A manufacturer of commercial heating and air conditioning units in Faribault is so hard-pressed to fill jobs at the booming company that it is considering busing workers from the metro area to its facilities 40 miles south.
Down Interstate 35 in Owatonna, an insurance company is so desperate for new employees that it has invested in a 54-unit downtown apartment building, hoping to attract job candidates.
And in the nearby city of Lonsdale, a local cabinetmaker started purchasing homes to rent to potential employees in the hope of luring them to town.
All across Minnesota, employers are taking steps to address a deepening statewide worker shortage. Job vacancies are near record highs, and the number of unfilled positions now exceeds the number of people looking for work, forcing employers to think outside the box to attract employees.
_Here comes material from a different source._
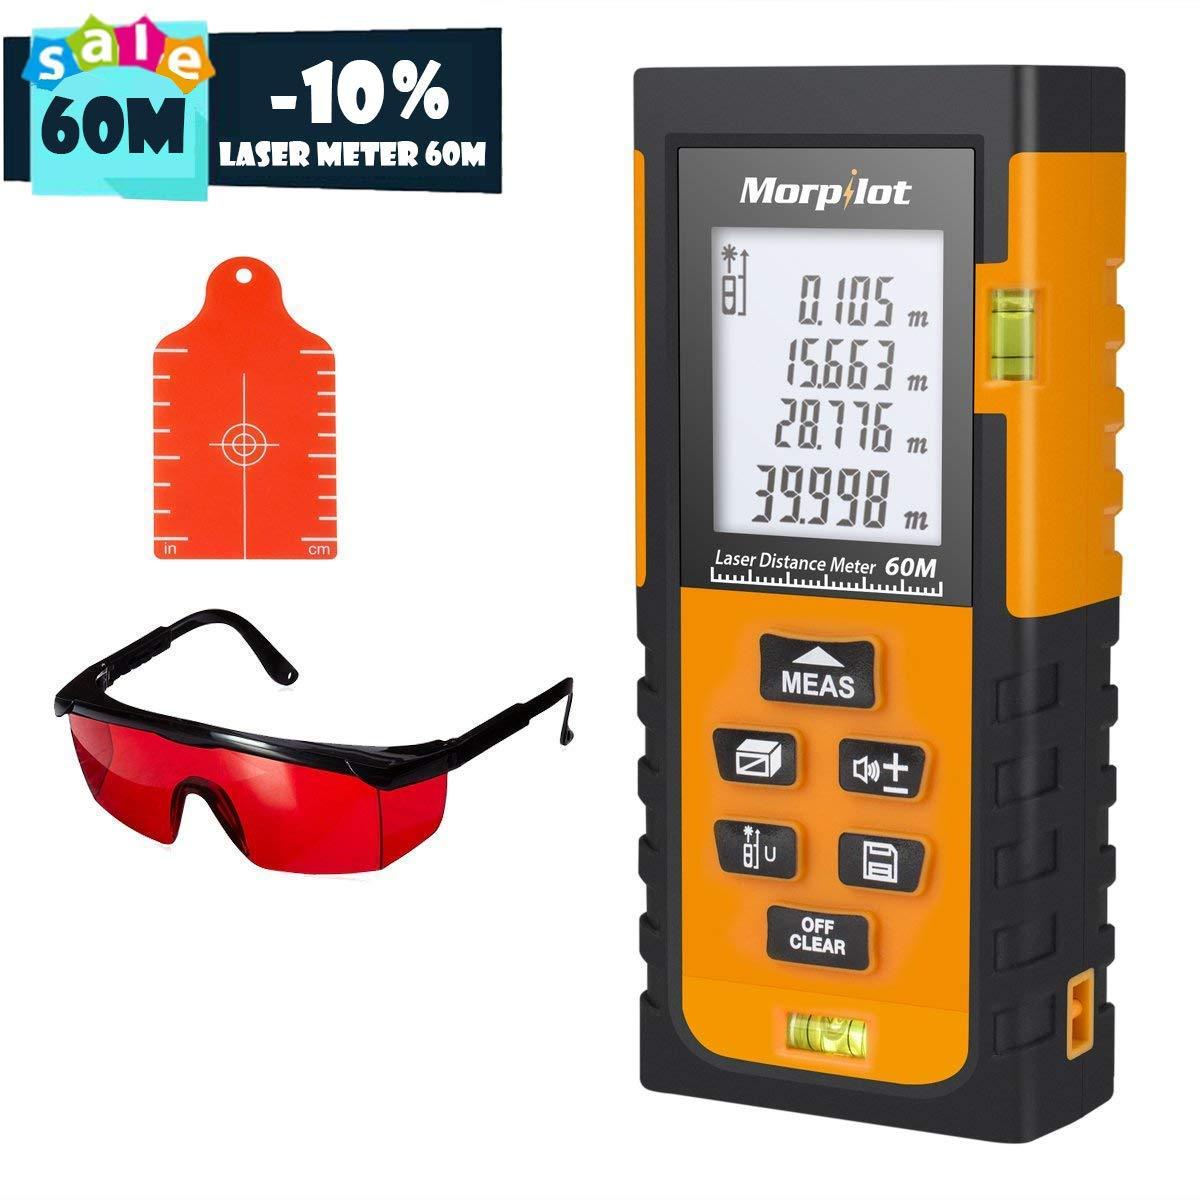 Laser Measuring Tape,Morpilot 80M Laser Measure with Target Plate & Enhancing Glasses,Laser Measure Device with Pythagorean Mode, Measure Distance, Area, Volume Calculation - Black & Orange HM80

It’s a good problem to have, economists say, reflecting a robust economy. But the risk? A continuing job shortage could limit the state’s economic growth.
“We used to have a stream of daily applicants, but we’re not seeing that nearly as much,” said Matt Alexejun, senior human resources director at Daikin Applied, the Faribault heating and air conditioning unit manufacturer. “It’s a challenging hiring environment. So we have to look for creative and unique ways to attract talent.”
The worst-case scenario: Businesses leave Minnesota for places with more workers.
“This is the issue of the moment,” said Steve Grove, commissioner of the Minnesota Department of Employment and Economic Development. “Workforce shortages inhibit growth. And economies have to keep growing for wealth to increase. You either increase production through automation or increase it from additional workers and workforce growth. If we don’t do that, expansion will happen elsewhere.”